Por fin estaba en casa. Mi madre había venido a buscarme en coche a la estación, en cuanto me vio bajar del tren vino corriendo hacia mi, me abrazó de tal manera que casi terminamos las dos en el suelo, me recordó esas imágenes de película en las que los protagonistas regresaban de una guerra de varios meses y nadie sabía si estaban vivos o muertos hasta ese momento del encuentro. Los abrazos de mi madre eran realmente cálidos, siempre me transportaban a mi niñez, a ese lugar tierno en el que todo era plácido, me reconfortaban y me enternecían, me encantaba aspirar su olor, cerrar los ojos y recordarla sentada al lado de mi padre, charlando y riendo, como si los problemas no existiesen. Regresar a su casa era recordar un tiempo tranquilo, sentirme protegida y en paz con el mundo y conmigo misma.
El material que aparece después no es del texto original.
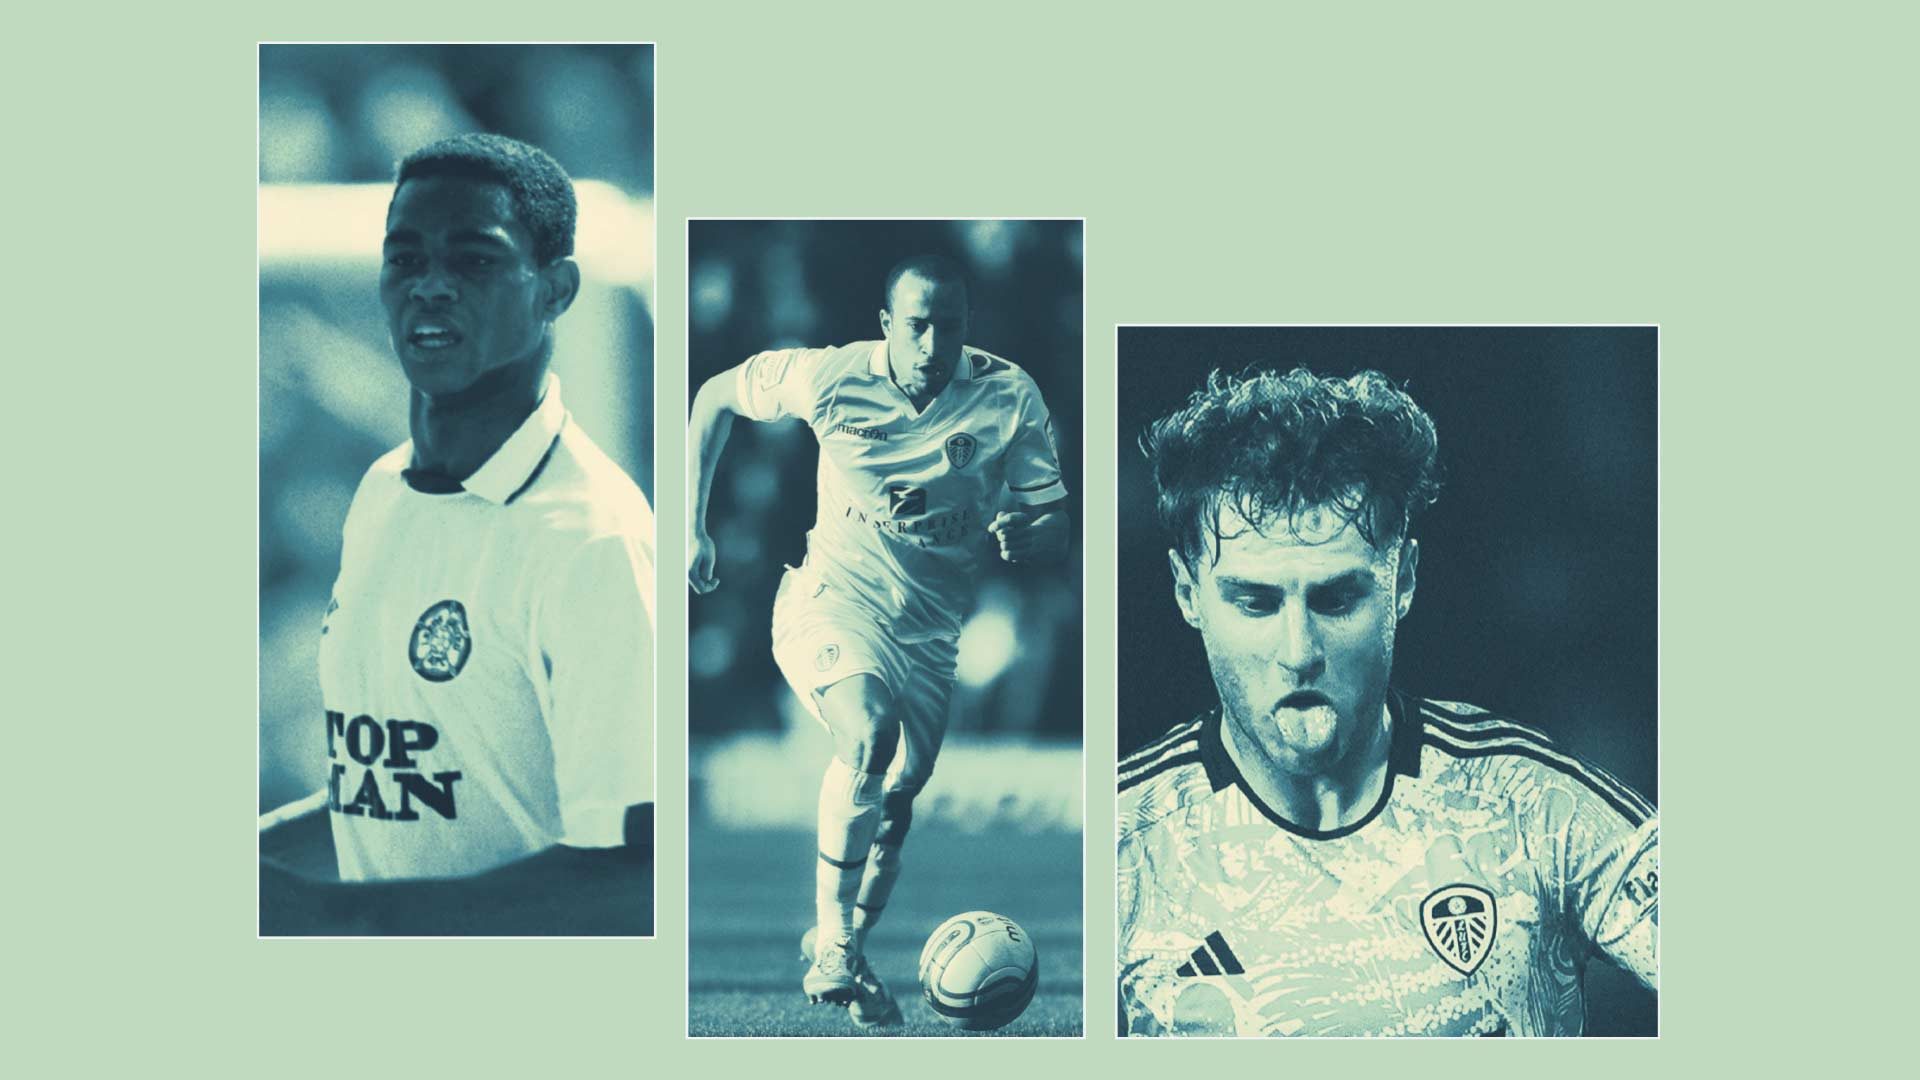 A collection of good, bad, and ugly Spurs loanees playing for Leeds: Chris Fairclough, Andros Townsend, and Joe Rodon (sorry Joe, just keep your tongue in your mouth for once)
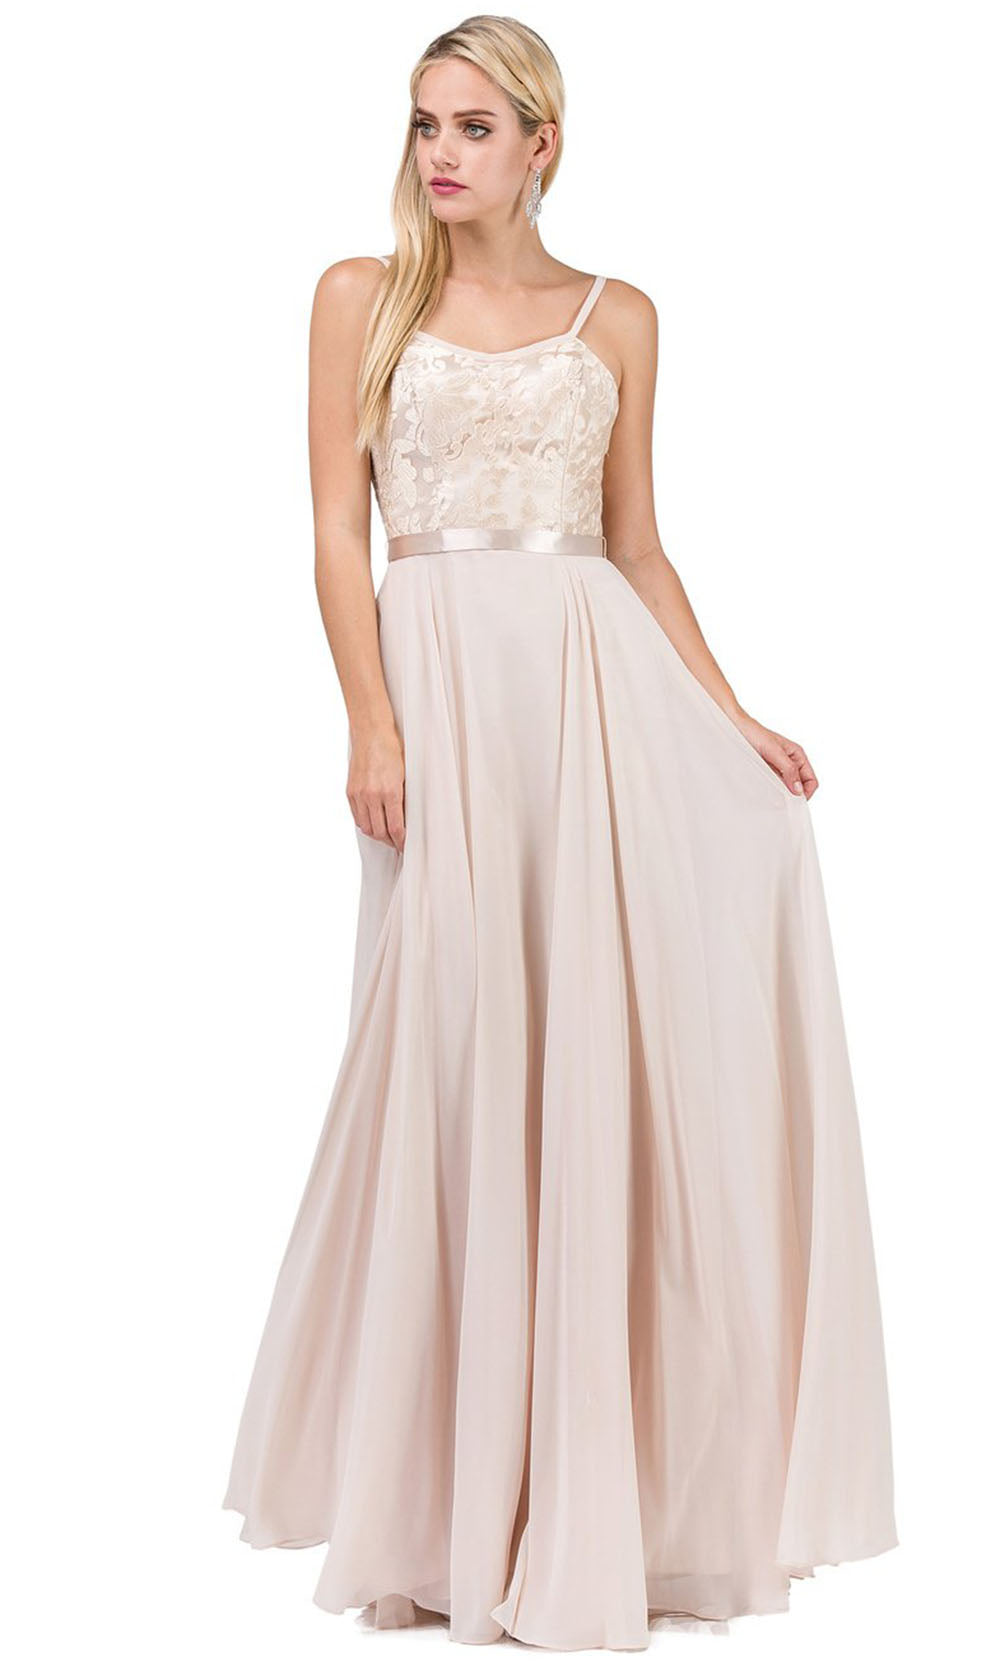 Dancing Queen - 9914 Embroidered Scoop Neck Long A-Line Dress In Neutral

Al abrir la puerta vinieron a saludarme el olor a incienso y la música suave que tantas horas habíamos compartido mis padres y yo. Pero mi padre ya no estaba. Lloré en silencio, lloré su pérdida. ¡Cómo lo echaba de menos! Cada vez que cruzaba esa puerta, desde su fallecimiento, no podía retener las lágrimas. Me costaba volver a entrar en su mundo, en su espacio, sabiendo que no lo iba a encontrar, que no iba a estar esperándome en su butaca con un libro entre las manos, dibujando, o con su colección de sellos. Nunca más lo vería levantar sus ojos de su tarea, por encima de las gafas, para saludarme. Nunca más escucharía con su voz aquellos apelativos cariñosos con los que se dirigía a mi. Nunca más podría sentir su calor en el abrazo. Nunca más. ¡Qué difícil era entender un «nunca más»! Por primera vez comprendía el peso que algunas palabras ejercen sobre las personas. En esos momentos y pensando en mi padre, la palabra «nunca» me aplastaba, me ahogaba, me doblegaba como si el peso del mundo recayese sobre mis hombros. A veces me sorprendía repitiéndola una y otra vez en mi cabeza hasta hacerle perder su significado, era una manera de aliviar la soledad que me invadía cuando pensaba en él.
Siempre me acercaba sigilosa, sin que mi madre se enterase, a acariciar su abrigo aún colgado del perchero, que todavía guardaba su olor. Era lo último palpable que me quedaba de él y me lo traía de vuelta unos segundos. Unos segundos mágicos en los que el tacto, su olor, y mi cerebro llenando los espacios vacíos, lo traían de vuelta al hogar.